Article about EIU anti-war march in the Mattoon Journal Gazette, Mon., March 3, 2003.

A day after the war in Iraq began with shock and awe, a sophomore athletic training major typed a scathing letter to the editor. “Are you really citizens?” he asked. “You become a citizen when you faithfully serve your country. All that you anti-war people have probably sacrificed is the time it took you to make those clever posters.”

He continued, “deep down I think that almost all of you anti-war protesters are concerned with is that there could be a draft and poor little Suzy and Timmy are going to be shipped off to war. Well I’m concerned too because I wouldn’t want even one of you anti-war protesters next to me on the battlefield watching my back.”

I hoped we could all agree that war is terrible but sometimes necessary. We should never be enthusiastic about going to war. However, if I was forced to choose in the face of imminent danger, I admit I’d rather stand next to the person who would fight alongside me than one who would refuse to pick up a weapon. As George Orwell once wrote, “we sleep safely in our beds because rough men stand ready in the night to visit violence on those who would harm us.”
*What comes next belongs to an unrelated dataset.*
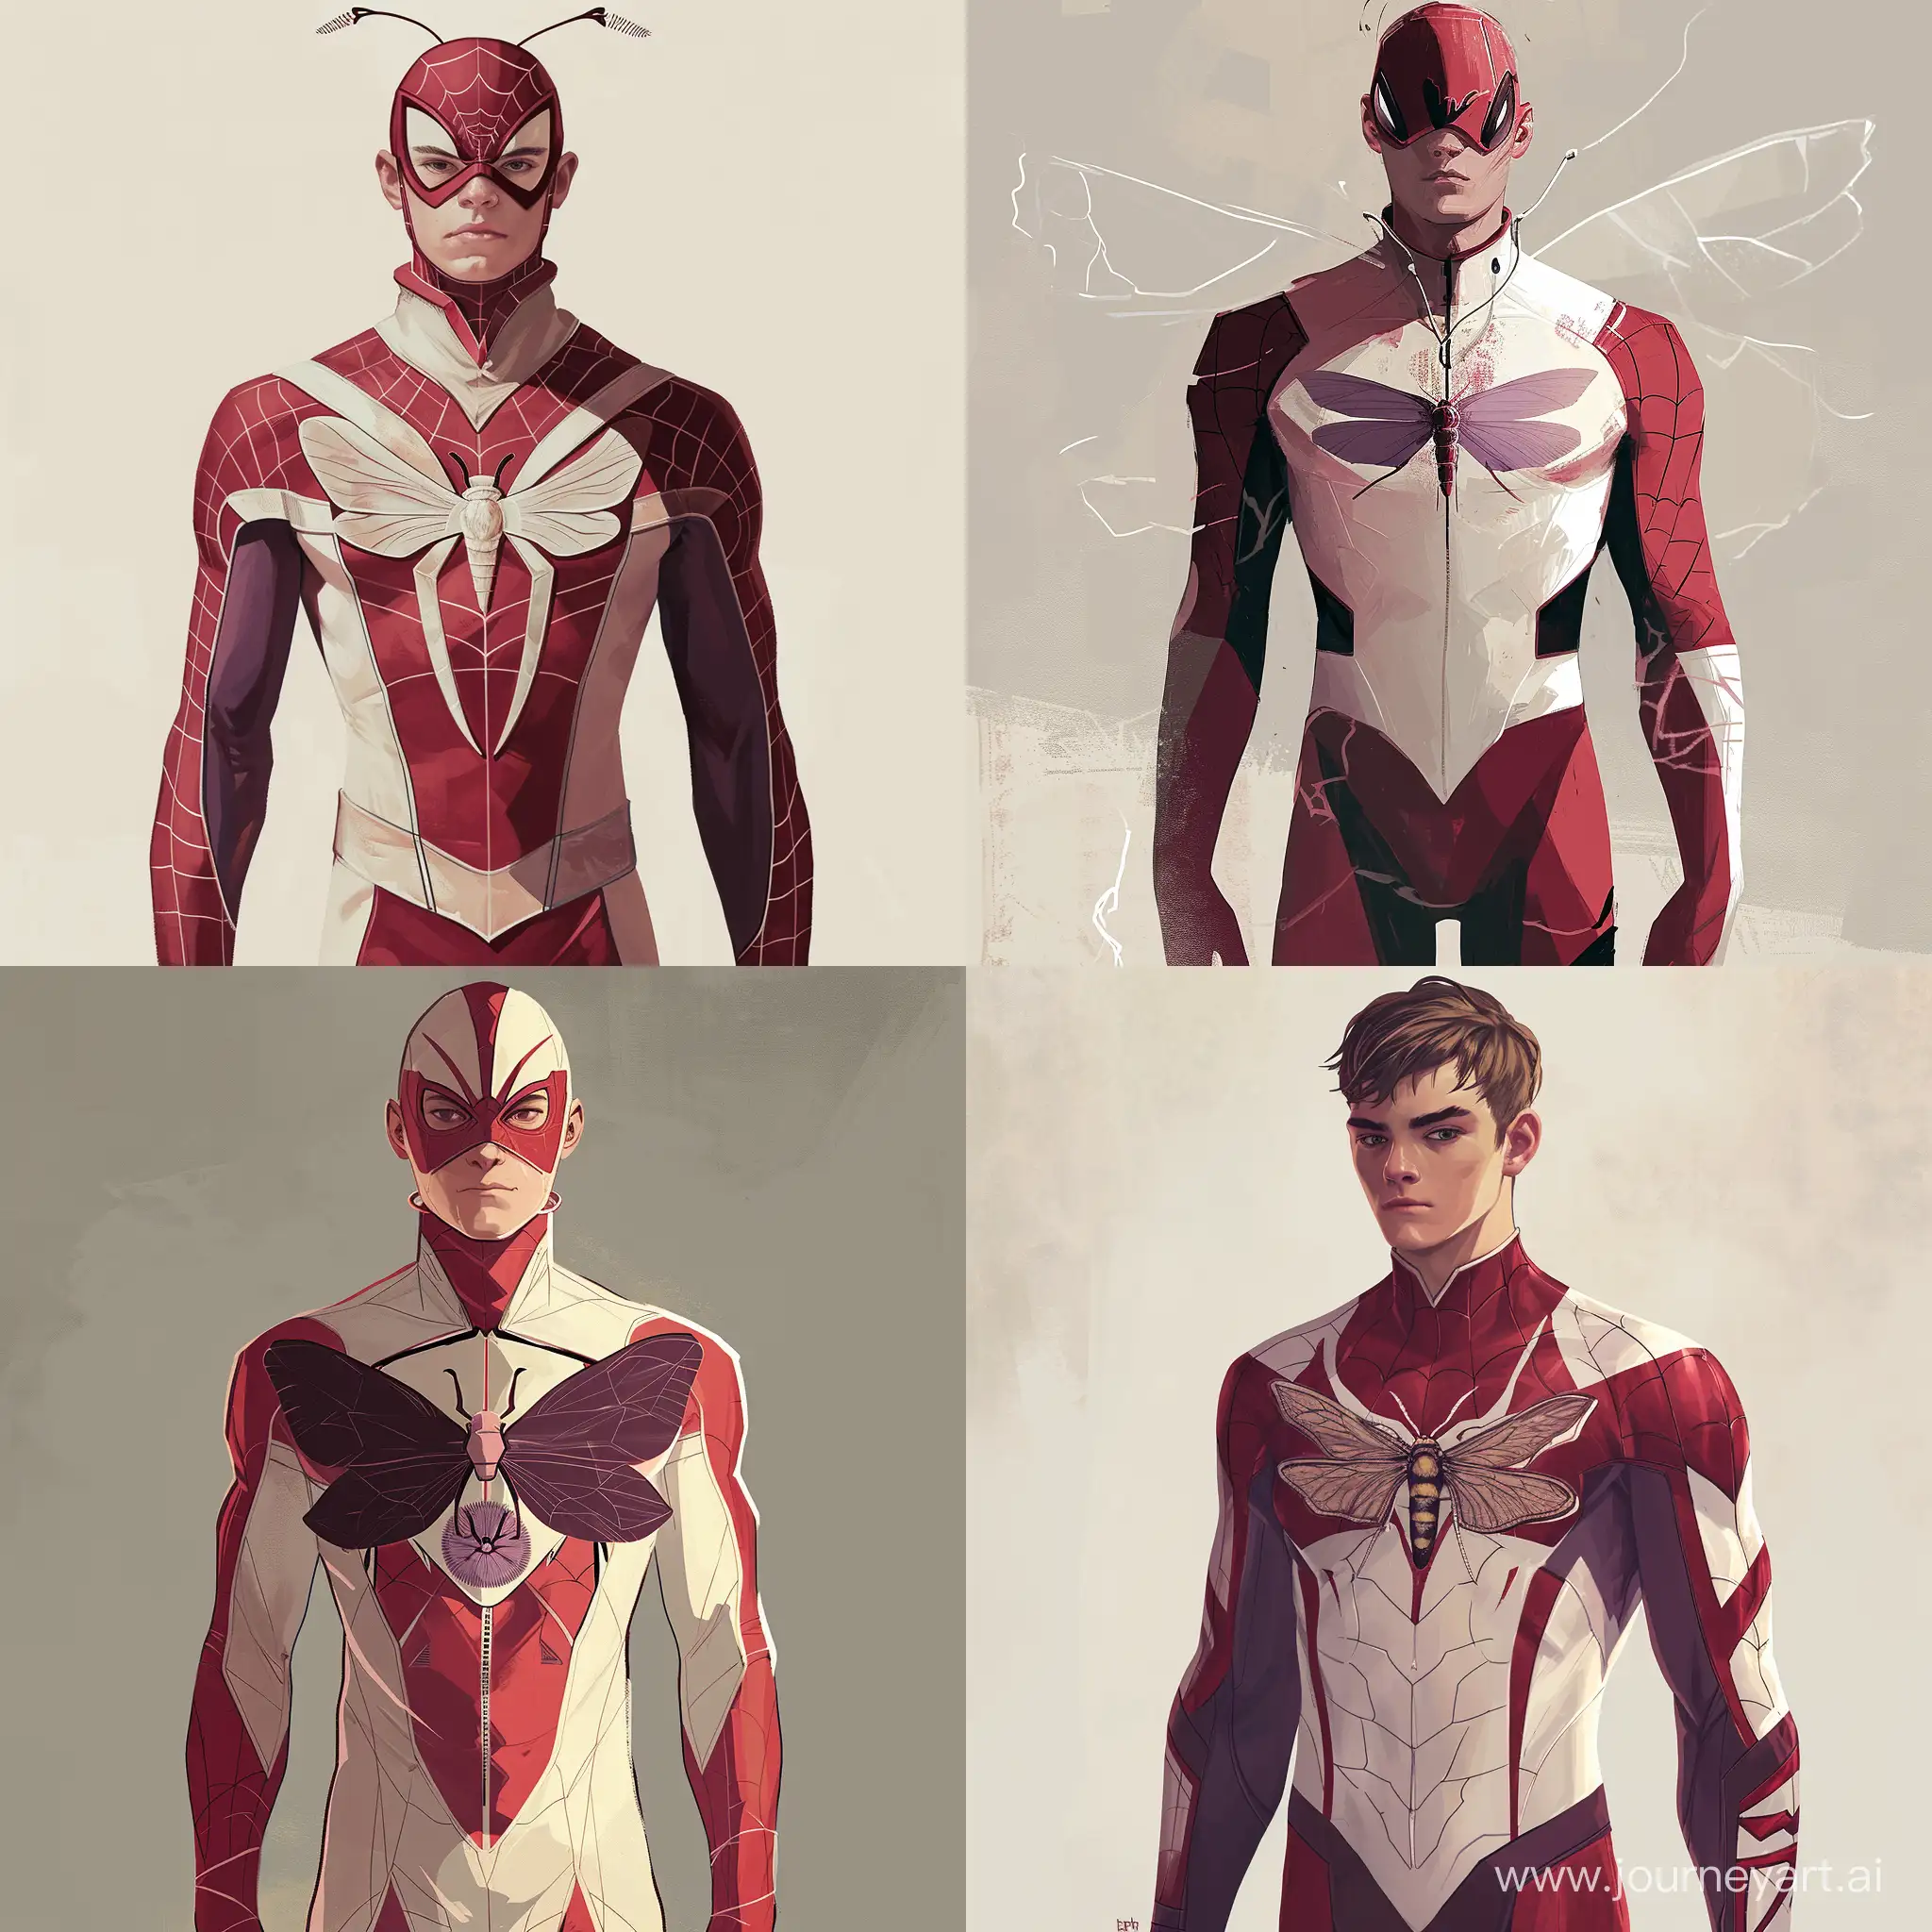 MothMan-Stylish-18YearOld-Superhero-in-Red-and-White-Costume

In the end, what did these protests accomplish? No policymaker in Washington, DC was looking to students at Eastern Illinois University for guidance. But student activist Chris Lempa later told me this group of protestors showed there were people, even in this small community, willing to speak out against the war. This core group of activists went on to become journalists, work on political campaigns, run for public office, write blogs, and organize community groups like Coles County Buy Local. It all started there in the shadow of Old Main.